Nested PCR reactions were performed using bisulfite-treated DNA (Tables S8, S9) as described (Market-Velker et al., 2010) with the following adaptions: illustra PuReTaq Ready-To-Go PCR Beads were used. 1 µl bisulfite-treated DNA was used for the first round of PCR, then 4 µl of the first-round PCR seeded the second-round PCR reaction. Two independent PCR reactions were set up for both the first and second round. Second-round PCR products were cloned using the StrataClone PCR Cloning Kit (Agilent). At least 20 colonies per plate were picked and analyzed for the insert using EcoRI digestion. Clones containing an insert of the correct size were submitted for Sanger sequencing analysis at the University of Pennsylvania DNA Sequencing Facility. Sequences were analyzed using the QUMA website (Kumaki et al., 2008; quma.cdb.riken.jp/).
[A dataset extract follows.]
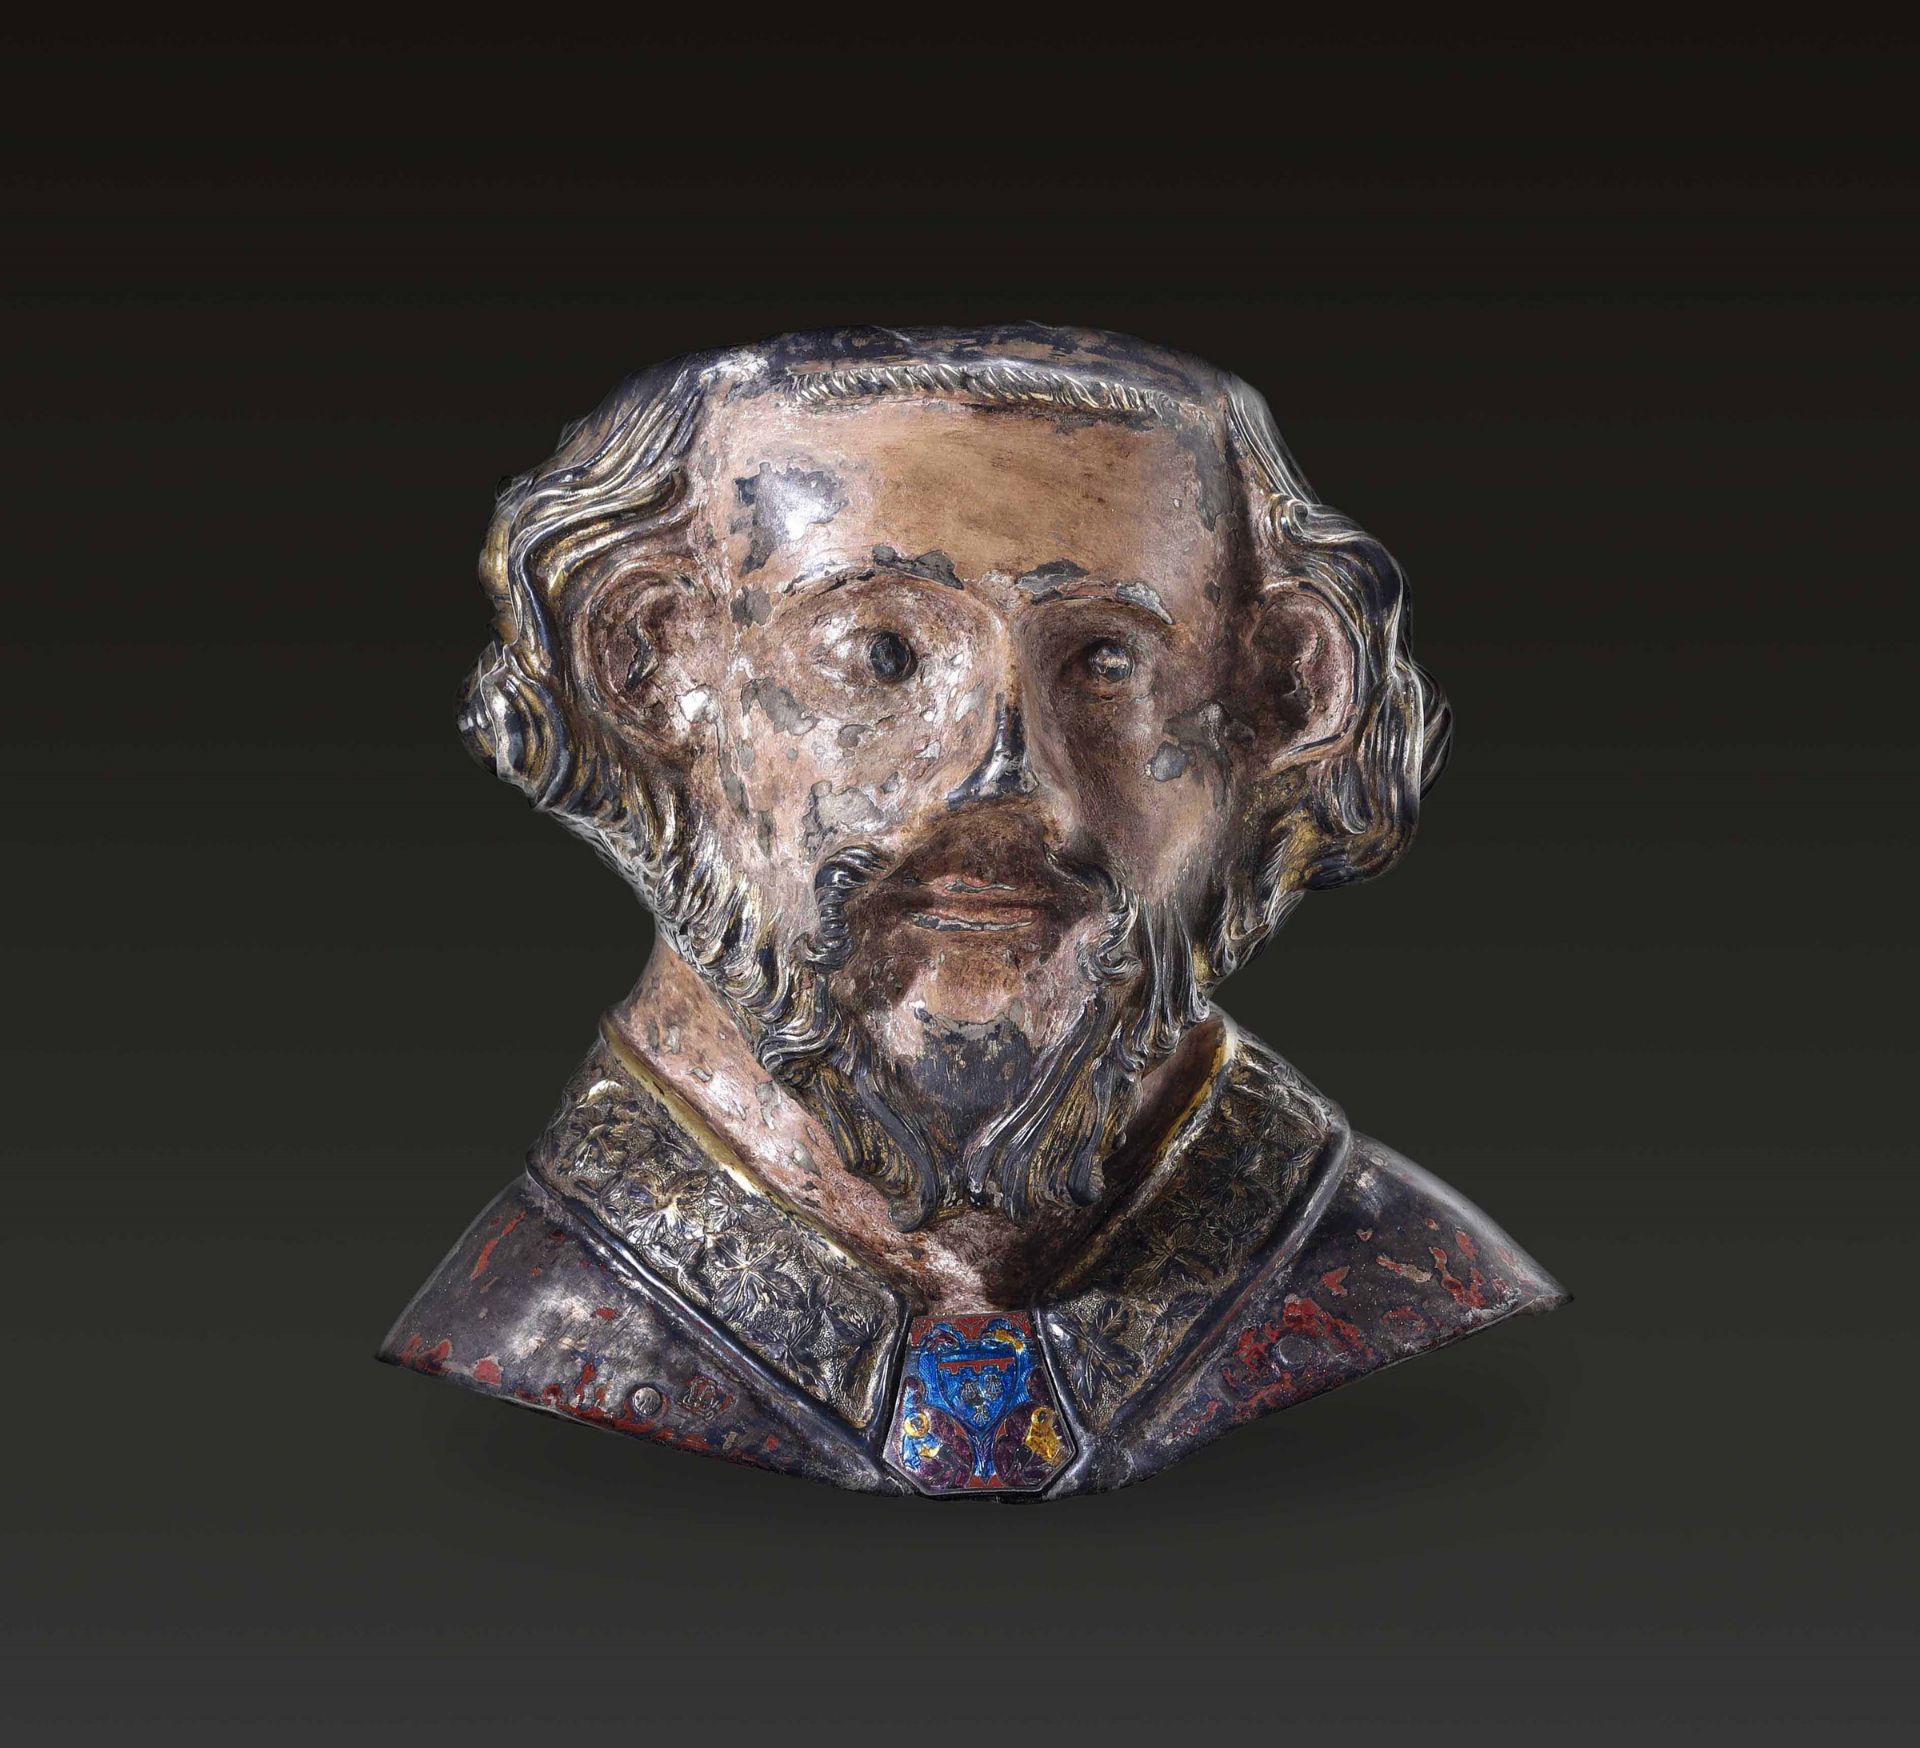 A silver Saint, Catalonia or France, 13-1400s - cm 23x14x24. La rara testimonianza di [...]

Analyses were completed using GraphPad Prism software with the following exceptions: variance {σ²=[Σ(x_i−x¯)²]/[n−1]} was calculated in Microsoft Excel using the VAR.S function, and the Fligner-Killeen test of homogeneity of variances was calculated in R (www.r-project.org/). Chi-square and Fisher's exact test were calculated on the GraphPad website (https://graphpad.com/quickcalcs/chisquared1.cfm, https://graphpad.com/quickcalcs/contingency1.cfm). Sample size was determined by conducting smaller pilot studies. The investigators were not blinded to the identity of the samples during analysis.

We thank Dr Guo-Liang Xu and Dr Mingjiang Xu for the Tet1/Tet2 DKO sperm samples; the members of the M.S.B. lab for thoughtful discussions and review of the manuscript, especially Frances Xin, Blake Caldwell and Aimee Juan; Blake Caldwell for experimental assistance; and Anthony Angueira for statistical advice. The content is solely the responsibility of the authors and does not necessarily represent the official views of the National Institutes of Health.